Ding, Yew
(2016)
Pathways to frailty and its adverse outcomes: evidence from the English longitudinal study of ageing.
PhD thesis, London School of Economics and Political Science.
Abstract
Frailty affects 10% of adults aged 65 years and older. It denotes loss of an individual’s body reserves, which increases vulnerability to developing adverse health outcomes such as death, disability, and institutionalization. Consequently, frailty has been described as the most problematic expression of ageing. Having good understanding of specific conditions influencing development of frailty and its effects holds the key to slowing its progression and mitigating its adverse outcomes. To this end, pathways to frailty and its adverse outcomes are the focus of my thesis. I begin with a literature review to assemble evidence on frailty pathways and instruments. Guided by this evidence and using the working framework of the Canadian Initiative on Frailty and Aging as the template, frailty pathways incorporating physical, psychological, and social conditions are conceptualized.
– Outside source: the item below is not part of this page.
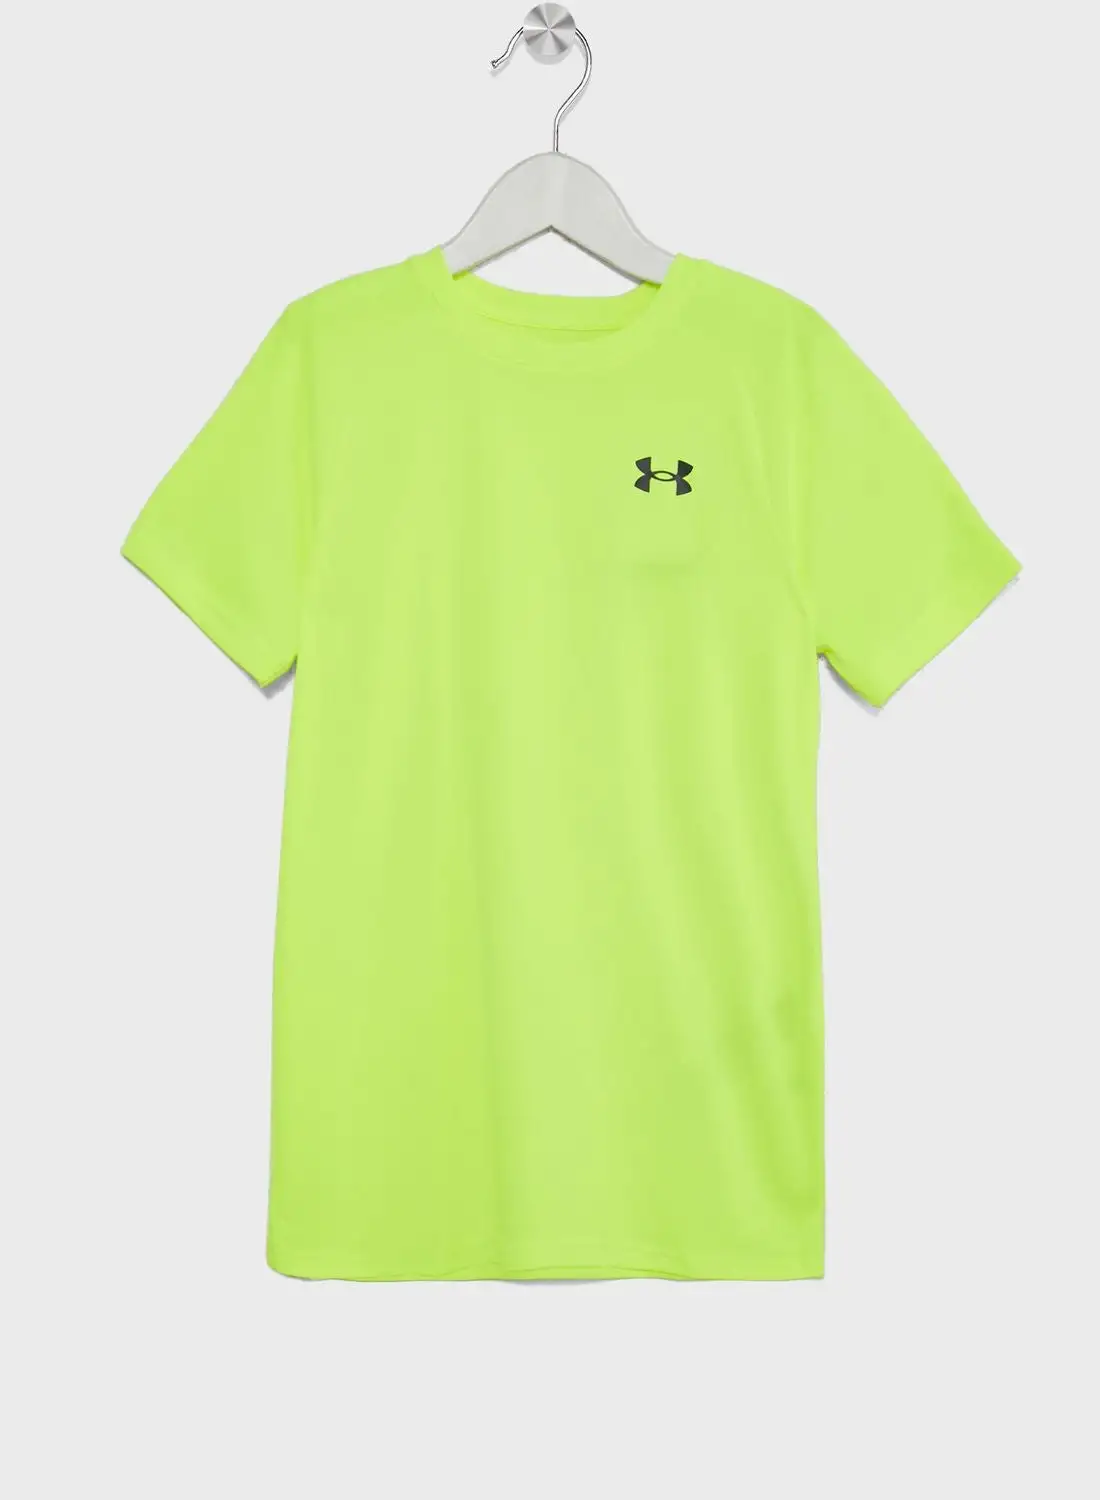 UNDER ARMOUR Boys' Tech 2.0 Short Sleeve T-shirt

Arguing that narrower physical frailty specifications are more suitable for investigating these pathways, I develop them based on the frailty phenotype. In my first two papers, I use data of 4,638 respondents aged 65 to 89 years from the English Longitudinal Study of Ageing to demonstrate construct, concurrent, and predictive validity of two physical frailty specifications. Adopting the specification with three indicators for latent growth curve analysis in my third paper, I show that chronic disease, allostatic load, low physical activity, cognitive impairment, depressive symptoms, poor social support, and poor social integration are predictors, mediators, or moderators on pathways to physical frailty. In my fourth paper, discrete time survival analysis reveals that low physical activity and cognitive impairment are mediators on pathways from physical frailty to death. In my fifth paper, autoregressive cross-lagged analyses demonstrate that these two conditions and depressive symptoms are mediators on pathways from physical frailty to activity limitation. All these conditions represent potentially modifiable targets for population-level interventions to address physical frailty in older people.